### Required action:
Reproduce each line, exactly, from the one containing "Ronzille Set Of" through the end of the material. Exclude pictures.

*** Dataset content Section Begins ***

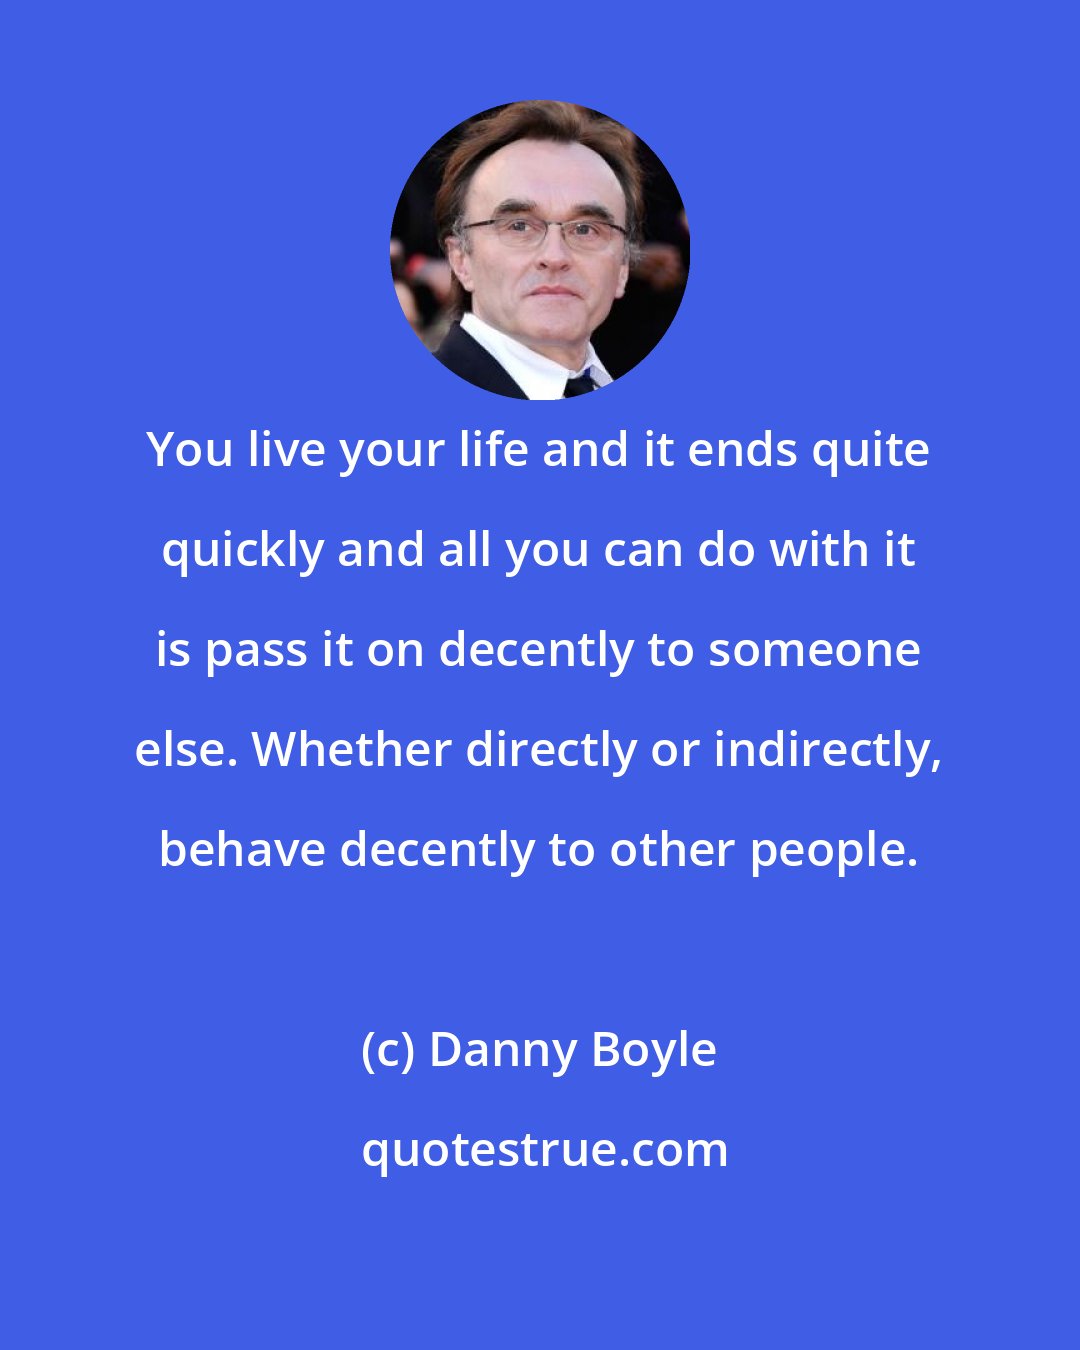 Danny Boyle: You live your life and it ends quite quickly and all you can do with it is pass it on decently to someone else. Whether directly or indirectly, behave decently to other people.
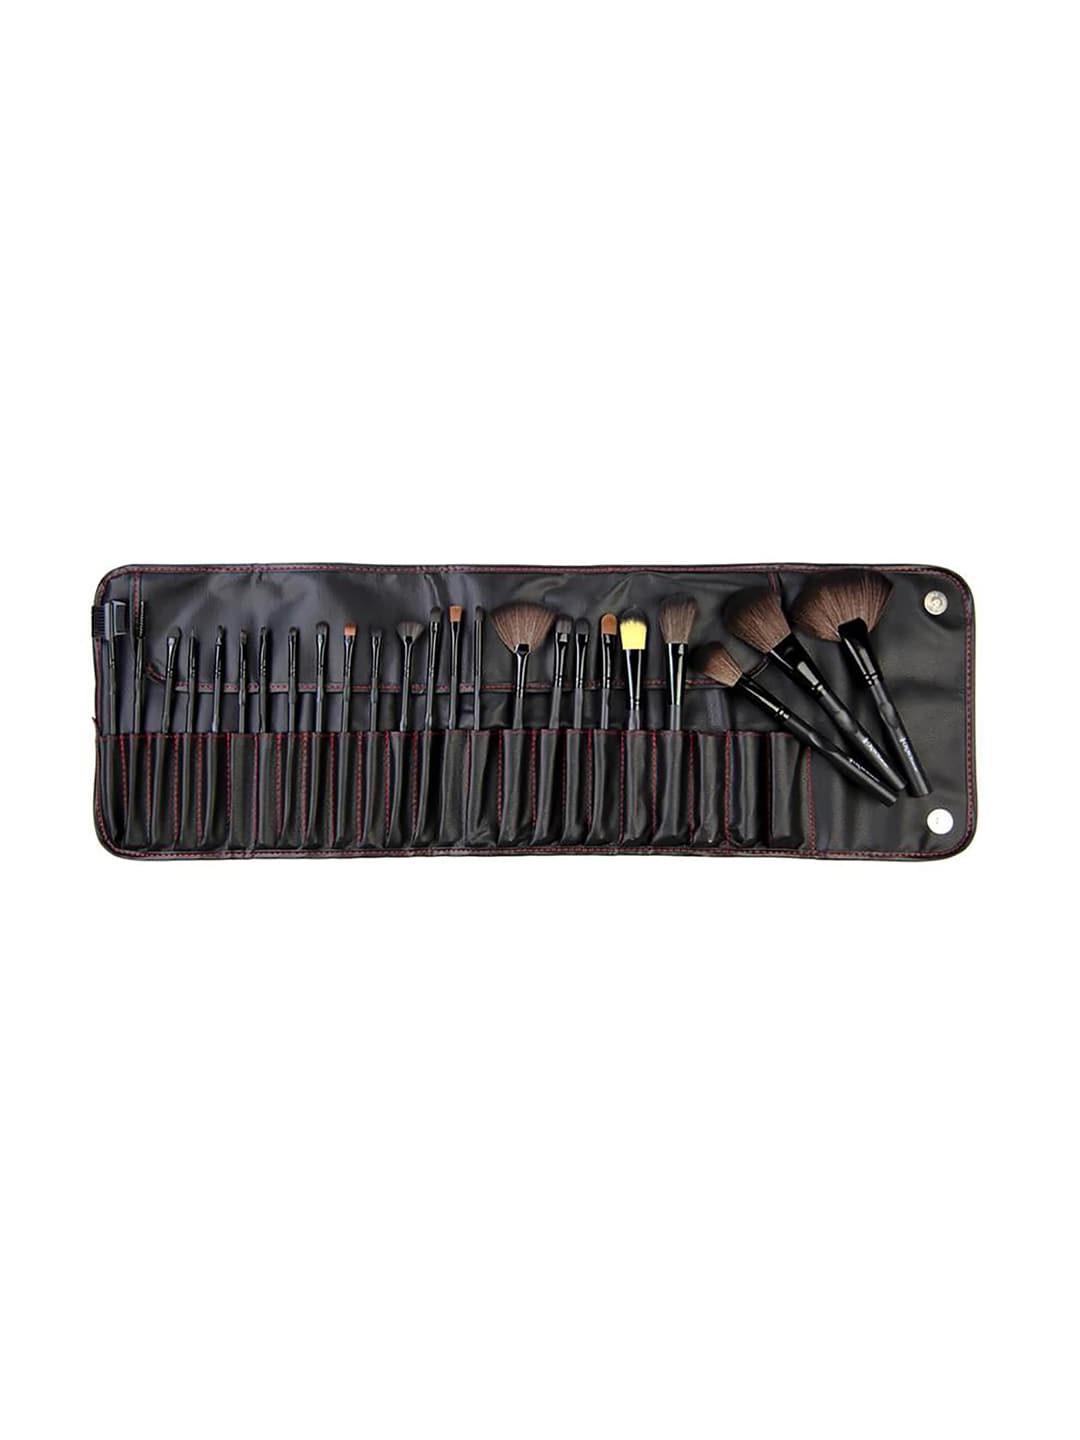 Ronzille Set Of 24 Black Soft Makeup Brush Set Price in India
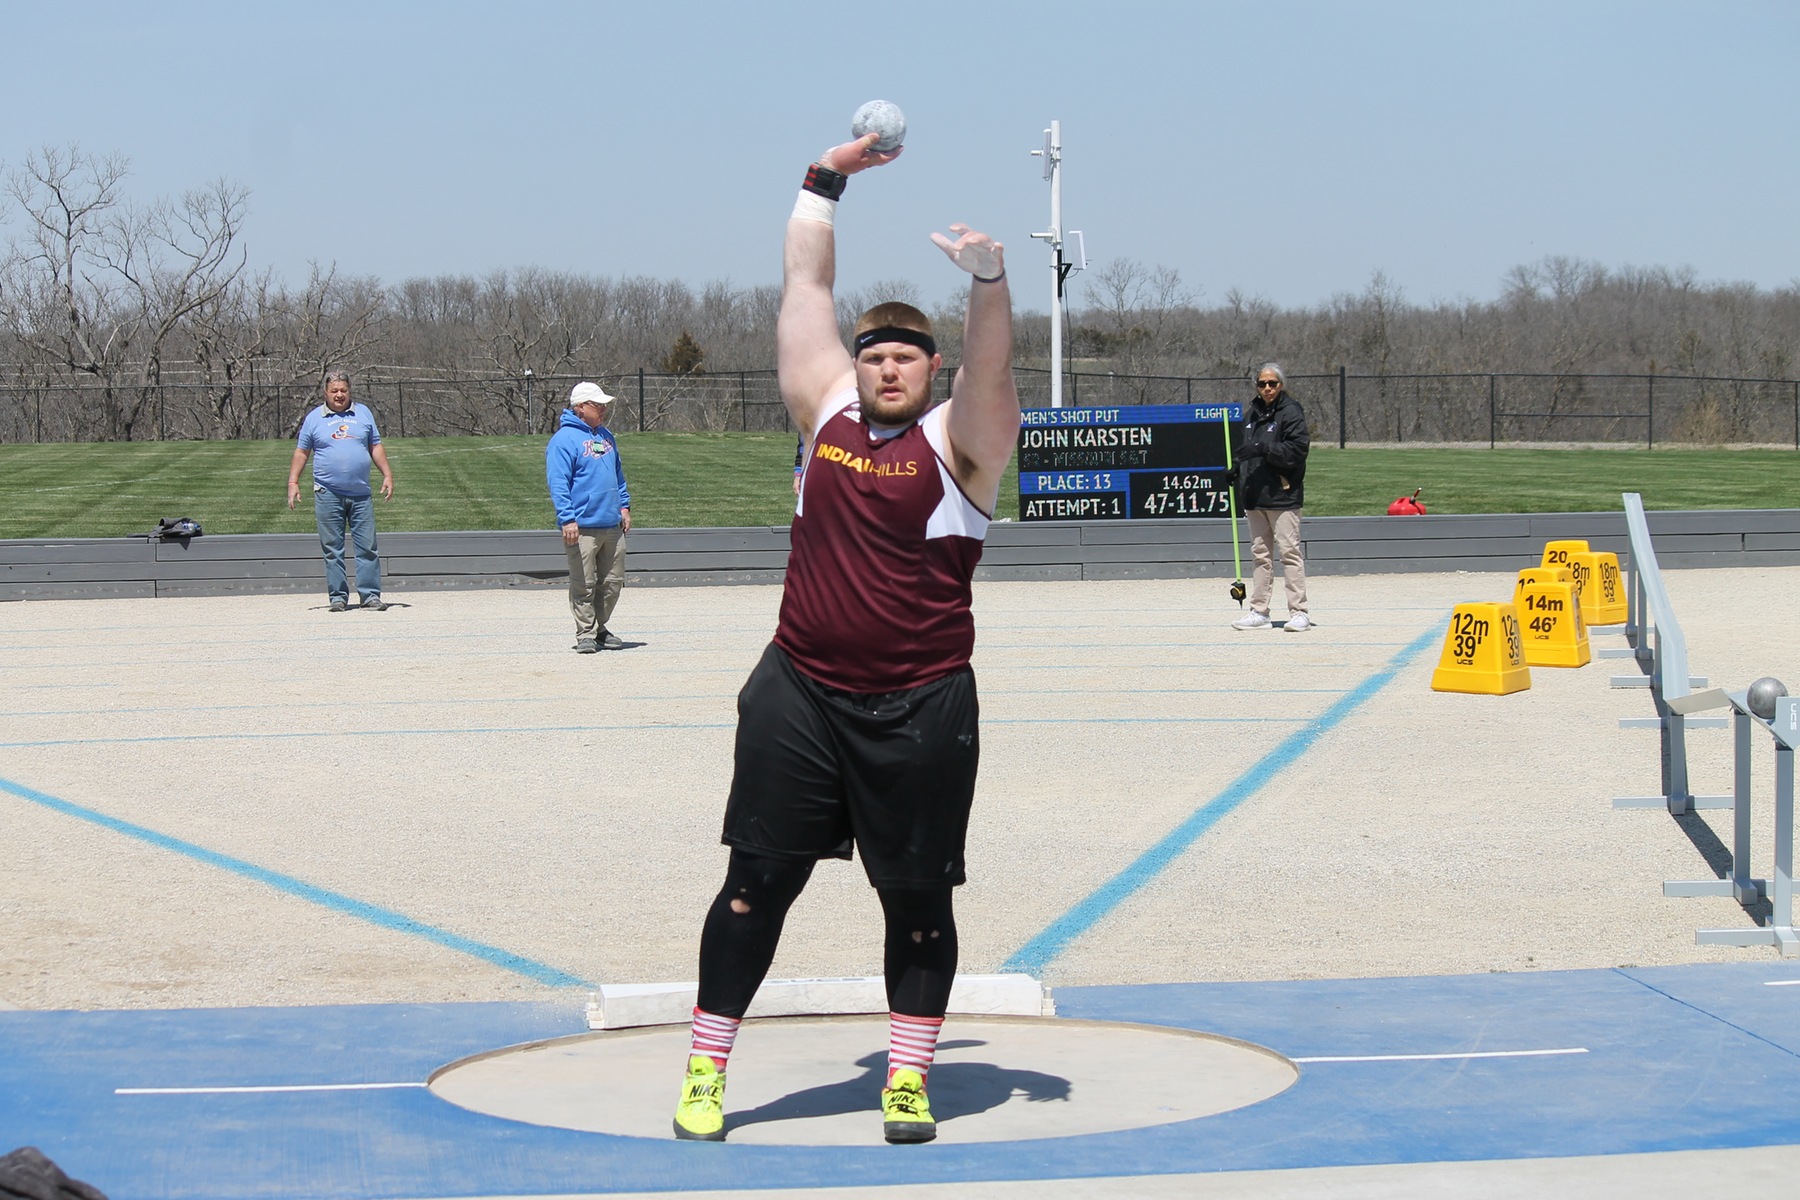 Nathan Winters placed fourth in the men's shot put at Kansas Relays.

*** Dataset content Section Ends ***

### Response to the exercise:
 Ronzille Set Of 24 Black Soft Makeup Brush Set Price in India
 Nathan Winters placed fourth in the men's shot put at Kansas Relays.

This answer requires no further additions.